Эмили шла рядом — уже не бегом. Просто шагом.
— Он… — тихо сказала она, не глядя на Гейла. — Он правда считает, что я… маленькая.
— Он считает, что ты полезная, — ответил Гейл. — И этого пока достаточно.
Она кивнула. И шаги у неё стали ровнее.
Тренировочный склад для подростков оказался меньше, чем Гейл ожидал, и громче — из-за одного человека.
— Да вы издеваетесь, — сказал заведующий складом, вытаскивая очередной бронежилет и даже не глядя на Эмили. — Это что, медицинский эксперимент? Или новая программа: «Скелет против пули»?
— Я всё слышу, — сухо сказала Эмили.
— А я всё вижу, — отрезал он. — И мне это не нравится.
Дейв. Так он представился — не протягивая руку, а сразу начиная ворчать. Мужик лет сорока с лишним, квадратный, как ящик с патронами, с руками, будто их вырубали из бетона. Из тех, кто знает наизусть вес каждой железки на складе и ненавидит всё, что не укладывается в таблицу.
— Так, стой, — буркнул он и без церемоний развернул Эмили за плечо. — Ты сколько весишь?
— Это… — она запнулась. — Важный вопрос?
— Это единственный вопрос, — рявкнул Дейв. — Потому что если тебя сдует отдачей, я не хочу, чтобы это было на моей совести!
— Сорок пять… может, сорок восемь, — сказала Эмили неуверенно.
Дейв замер.
Потом медленно поднял на неё взгляд.
— Сорок… — он перевёл глаза на Гейла, будто тот должен был подтвердить. — …пять?
Гейл стоял чуть в стороне — уже в полной боевой форме, броня, ремни, оружие на местах. Он успел переодеться и вооружиться в соседнем помещении, пока её «вписывали» в картинку. Рядом с Эмили он выглядел как другой вид: собранный, тяжёлый, опасный.
— Она не врёт, — сказал он. — К сожалению.
— Да чтоб… меня… — Дейв выдохнул и в сердцах бросил полуслово, похожее на мат, но тут же проглотил его. — Ты уверена, что ты не ошибка в документах?
Эмили скрестила руки.
— Я ем нормально.
— Конечно, ешь, — фыркнул Дейв. — Все вы «едите нормально». А потом я пытаюсь застегнуть бронежилет, а он держится на честном слове и науке.

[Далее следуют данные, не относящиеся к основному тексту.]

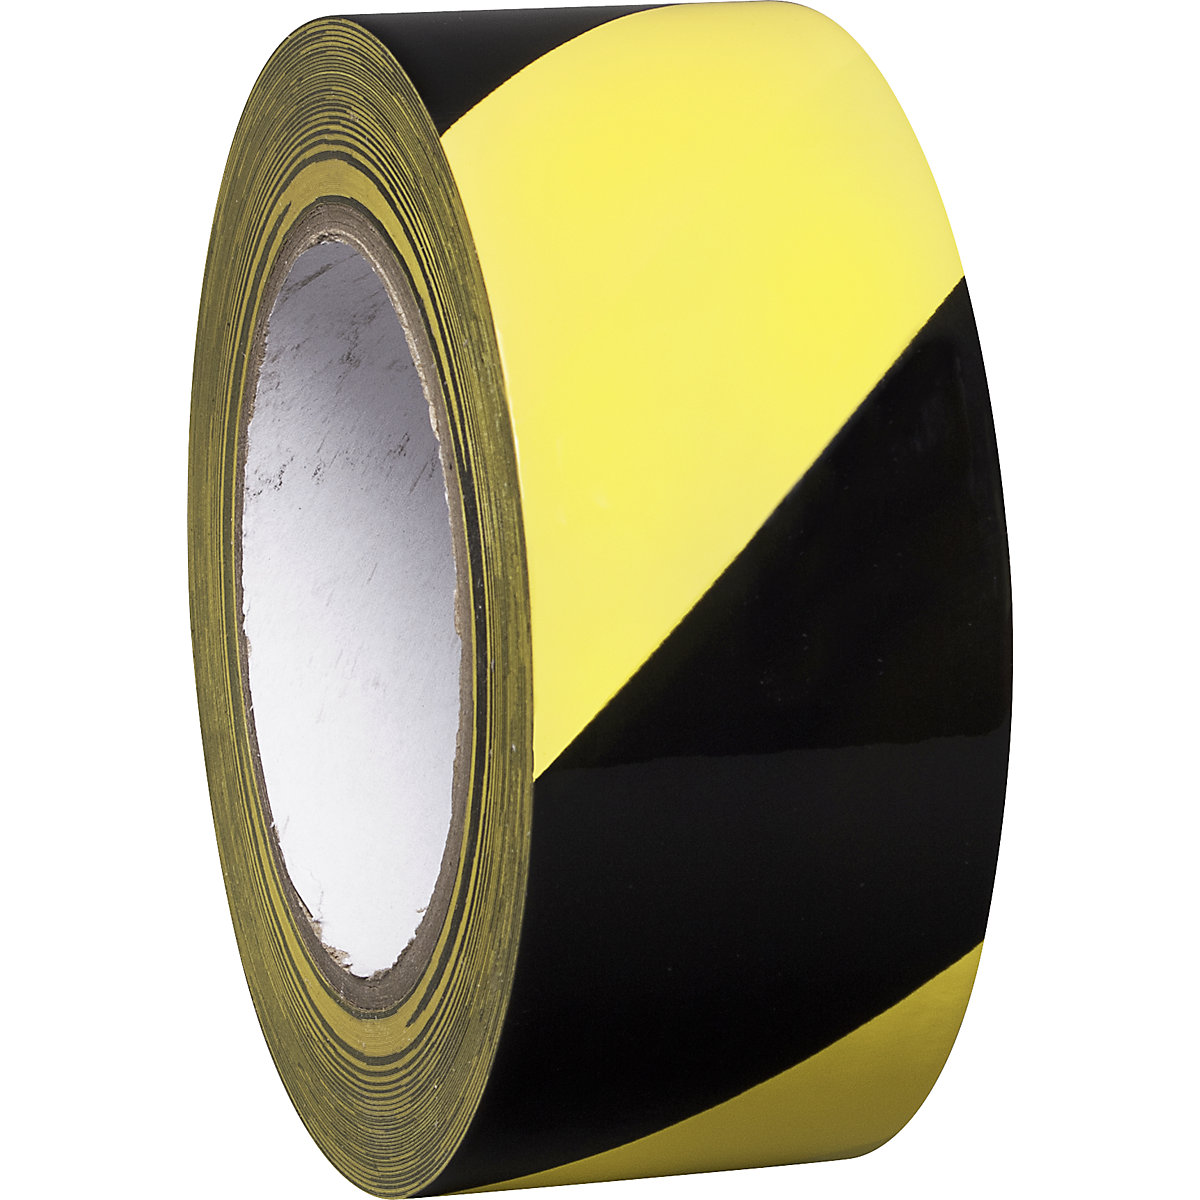 Podlahový značkovací pás z vinylu, dvoubarevný, šířka 50 mm, žlutá / černá, bal.j. 8 rolí-4

Он надел на неё бронежилет. Тот был почти по размеру — но «почти» в Тринадцатом значило «опасно».
— Руки вверх, — скомандовал он.
Эмили послушно подняла руки. Броня повисла на ней, как на вешалке.
— Господи… — Дейв дёрнул ремни. — Да ты не худенькая, ты нестандартная задача.
Он затянул ремень.
Эмили пискнула — коротко, зло.
— Я дышать должна, — возмутилась она.
— А я должен, чтобы тебя не развернуло при первом толчке, — отрезал он и затянул ещё. — Выбирай.
Гейл наблюдал молча. И не мог не отметить — не без внутреннего, почти злого юмора — насколько нелепо она выглядит.
Форма сидела. Да. Более-менее.
Но солдатом она не была.
Слишком длинные руки. Слишком тонкая шея. Слишком большая каска, съехавшая набок, как у ребёнка, примерившего взрослую вещь. Подбородочный ремень торчал, как лишний хвост. Дейв тоже это видел.
— Вы серьёзно хотите отправить это наверх? — он ткнул пальцем в сторону Эмили. — Она если упадёт — сломается.
— Я не фарфор, — огрызнулась Эмили.
— Ты — рентген, — не согласился он. — Рост сто семьдесят, вес как у мешка картошки, да ещё и кость широкая. Ты вообще откуда?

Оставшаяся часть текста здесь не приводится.